Don’t Be Afraid of the Dark à Fantasia: Saaallly…

Claudia Boutin
5 août 2011

«I apologize for being fat and sick». Guillermo Del Toro, sur l’écran du Théâtre Hall, le 4 août 2011.

En adaptant le scénario de Nigel McKeand pour le grand écran, Guillermo Del Toro (ici co-producteur et co-scénariste avec Matthew Robbins) était loin d’être en terrain inconnu. D’abord parce qu’il est un fan inconditionnel de la version de 1973: dans une capsule vidéo envoyée à Fantasia, une mince mais réjouissante compensation pour son absence au festival, le réalisateur a avoué « l’avoir fait dans ses culottes » en visionnant, tout petit, la version de John Newland. Ensuite, le plus grand changement apporté au scénario de McKeand se résume à la transformation de Sally-l’épouse-nerveuse en une Sally-l’enfant-ténébreuse…attention, attention, « résumer» ne signifie pas « banal » ou « rien que »: il tient plus de « la plus haute importance ». Don’t Be Afraid of the Dark est peut-être le premier long métrage du bédéiste canadien Troy Nixey, mais il est impossible de ne pas le considérer comme une oeuvre à inscrire au sein de la filmographie à proprement parler de Del Toro. Le thème de l’enfance, un incontournable chez le cinéaste d’origine mexicaine, est toujours au rendez-vous.

Sally (impressionnante Bailee Madison) vient passer quelques temps au manoir nouvellement acquis par son père Alex (Guy Pearce) et la nouvelle femme dans sa vie, Kim (Katie Holmes, moins beige que d’hab mais loin d’être flamboyante). Ce n’est qu’une fois sur place qu’on lui explique qu’elle est à Blackwood Manor pour y rester: sa mère la trouvant troublée et nébuleuse croit que le grand air du Rhode Island la changera de la pollution californienne. C’était sans compter la découverte d’une cave mystérieuse et des voix sulfureuses se faisant entendre par les grilles d’aération. Saaalllly….Saaallly

Note à toutes les futures mamans: si vous surprenez votre progéniture à dessiner des spirales proéminentes sur une feuille de papier, ne vous posez pas de questions: elle est en danger de sombrer dans un univers gothique. Après un prologue génial et un générique rappelant les gribouillages d’un scientifique toqué, une telle figure se fond au dessin que Sally exécute. Plus que tout autre motif, la spirale est synonyme de dérèglement, que ce soit dans les frises de l’ornementation gothique ou avec les escaliers typiques de l’architecture victorienne. Le serpentin est associé aux plaisirs de l’enfance (et aux frites de Jaco), lancés avec énergie durant les fêtes mais surtout, il sous-entend une descente aux enfers: shoup, on glisse graduellement dans un univers obscuret sans issues. Et la spirale ne se termine pas, oh non, elle rebondit et recommence ses tournoiements ! L’enfer n’arrêtera jamais sa course dans Don’t Be Afraid of the Dark. Chut, je me tais ! Les spirales me fascinent, voyez-vous.

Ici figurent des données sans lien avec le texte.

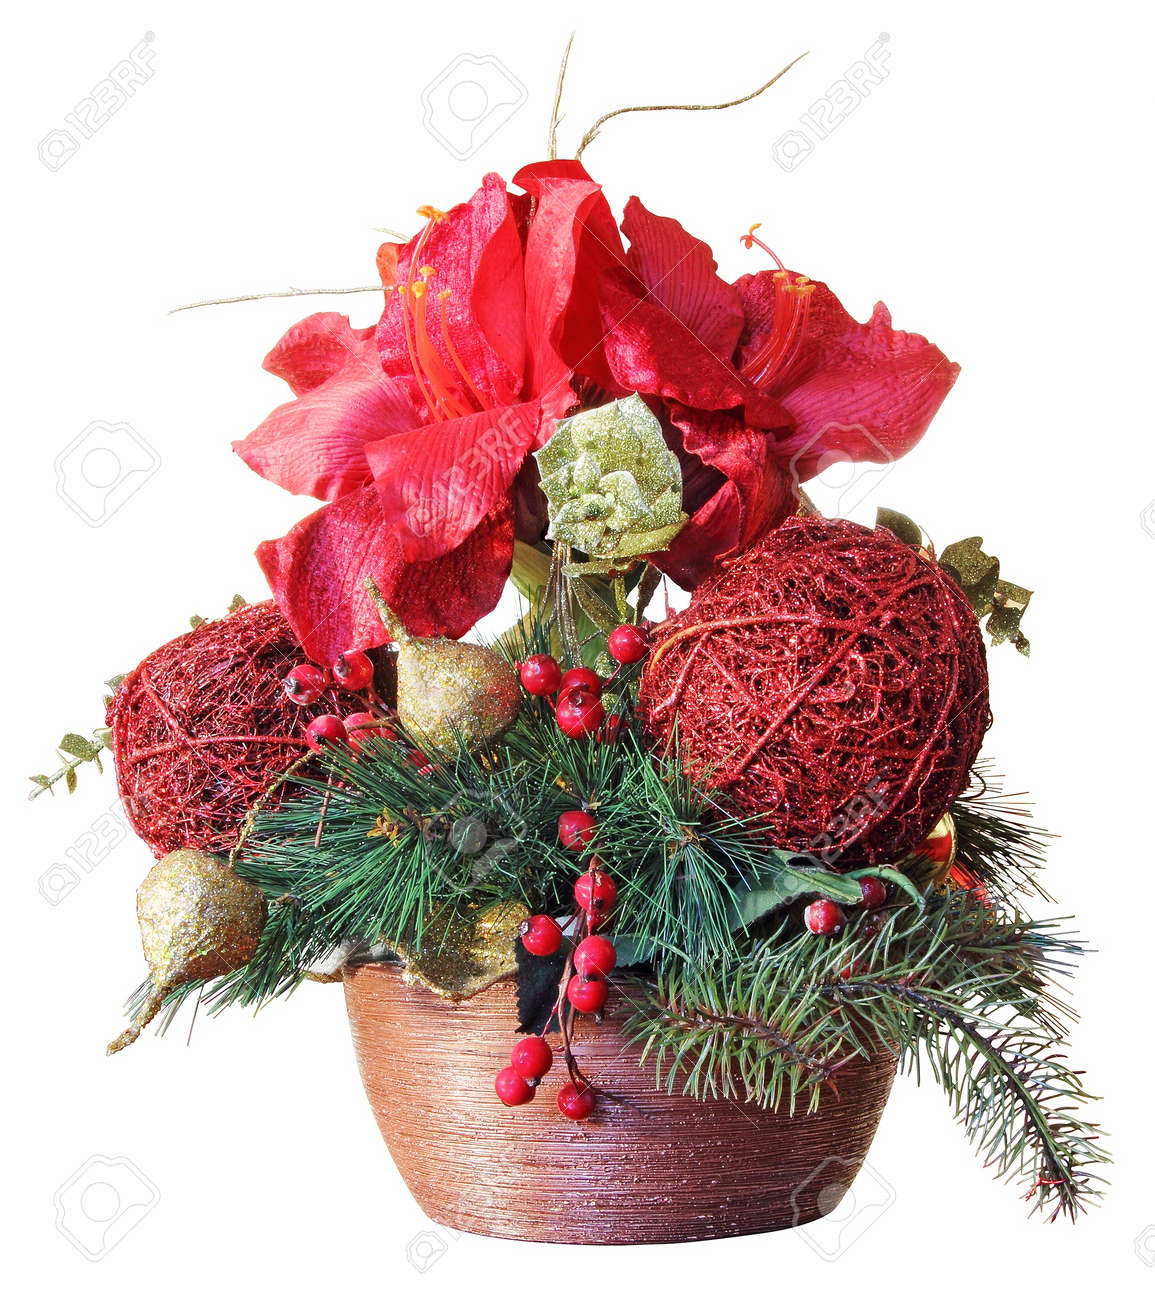 Christmas Flower Arrangements Images.Beautiful Christmas Flower Arrangement Isolated On White Background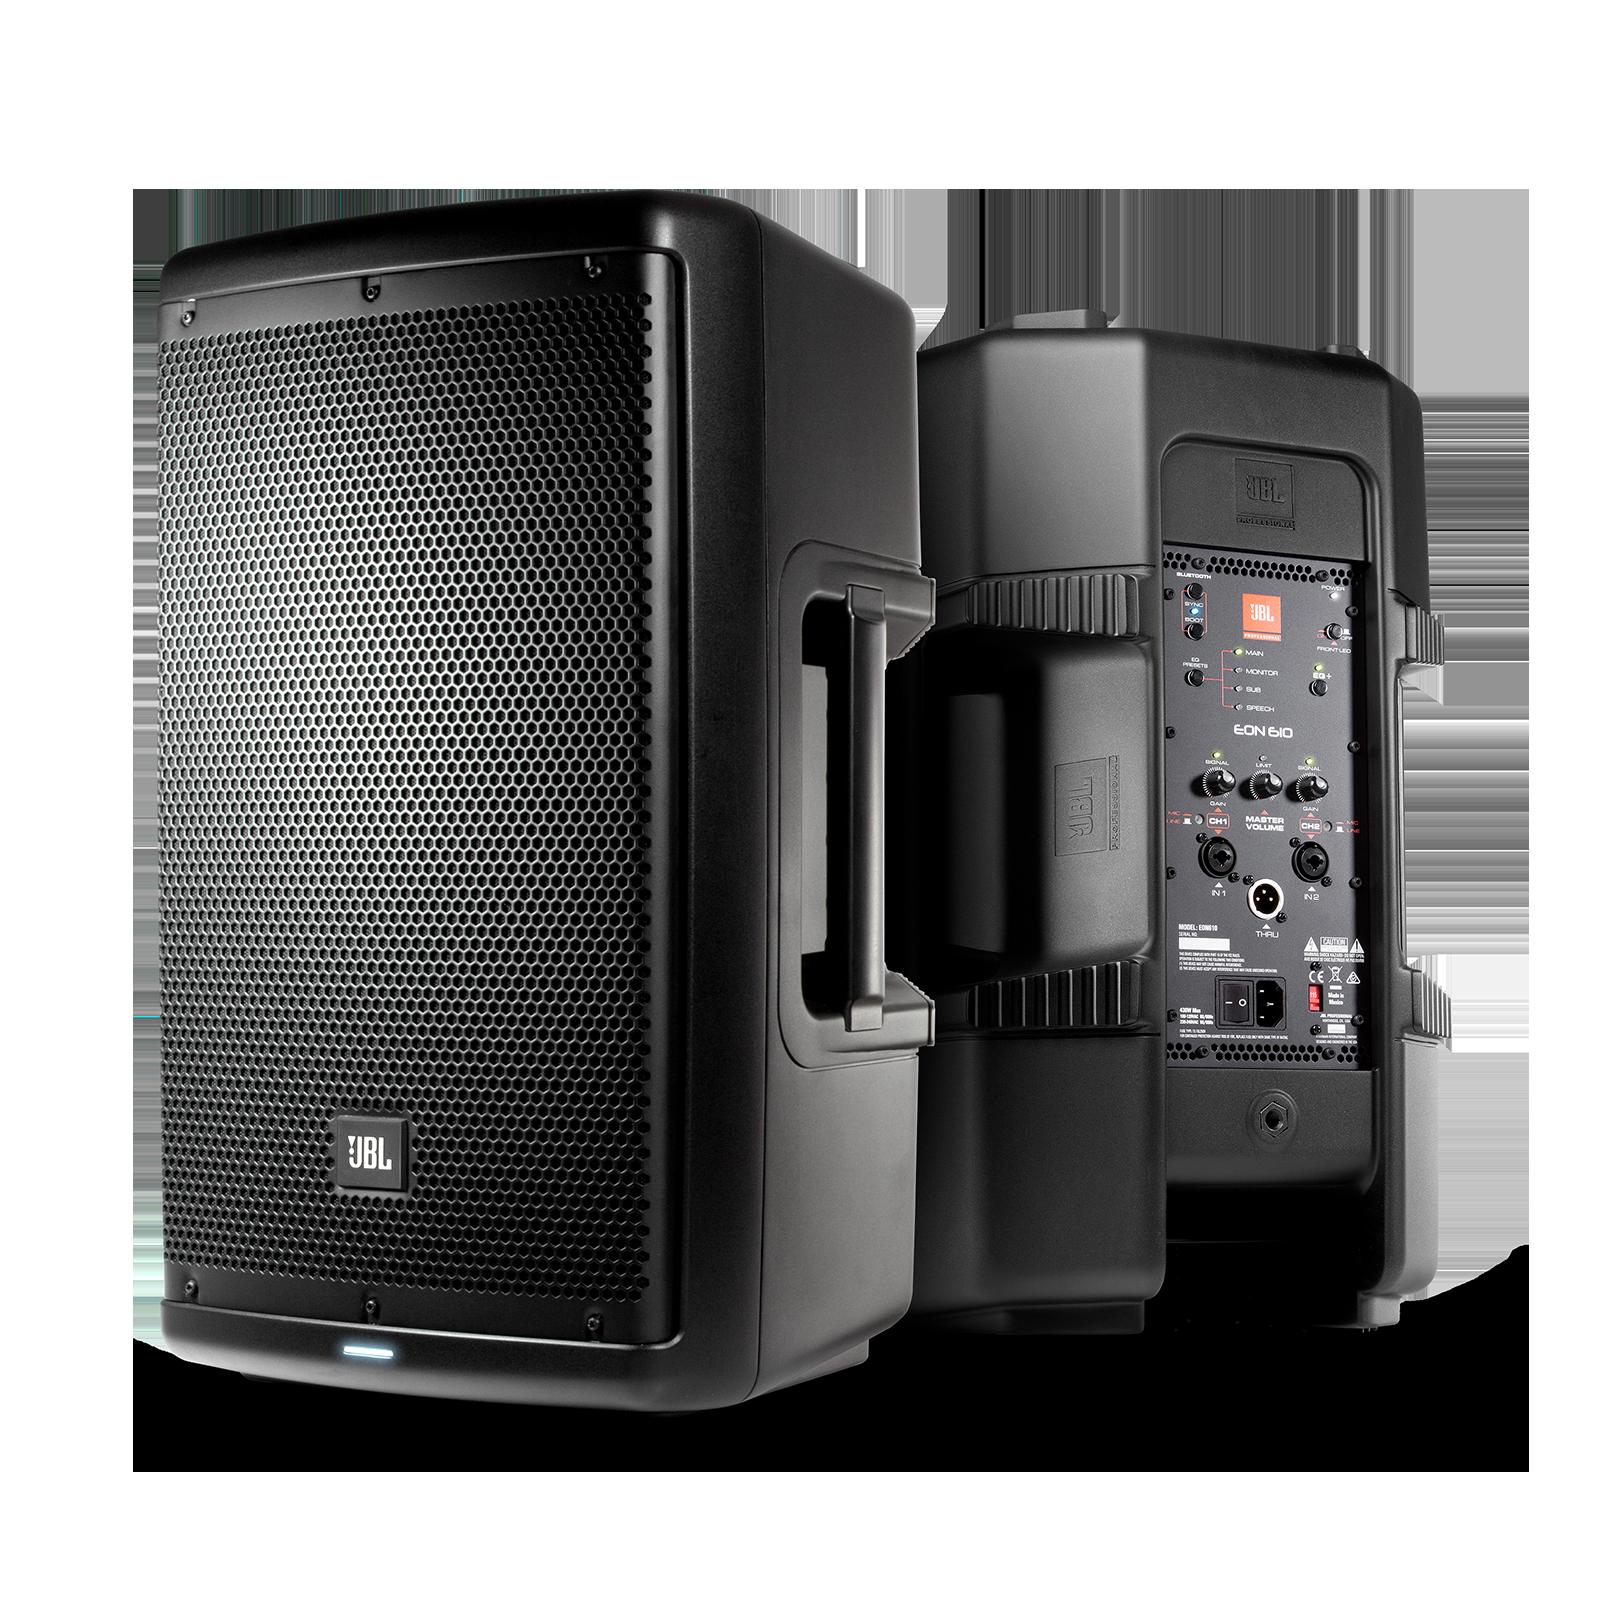 "JBL EON610 - Black - 10"" Two-Way Multipurpose Self-Powered Sound Reinforcement - Hero"

Personne ne croit Sally lorsqu’elle confie ses peurs quant aux voix des créatures et les mouvements brusques qu’ils provoquent derrière un ours en peluche. Del Toro a su rendre l’évolution de la terreur chez la fillette crédible, alors qu’elle croit d’abord s’être fait de nouveaux amis; quelques instants plus tard, elle refuse de dormir seule et sans la lumière de son carrousel. Tout comme dans Le labyrinthe de Pan, il y a une confiance naïve envers l’inconnu, un plaisir à découvrir de nouveaux terrains et aucun questionnement quant aux apparitions d’êtres surnaturels. Alors que Sally explore les jardins de la propriété, on pense immédiatement à Ofelia qui s’enfonce dans la voûte du faune, esseulée, sans réelle connexion avec le monde adulte qui l’entoure. Lorsque Sally engouffre tout bonnement sa médication devant la mine abasourdie de sa nouvelle belle-maman, ça fesse. Droguons nos enfants et réprimandons par la suite leurs hallucinations…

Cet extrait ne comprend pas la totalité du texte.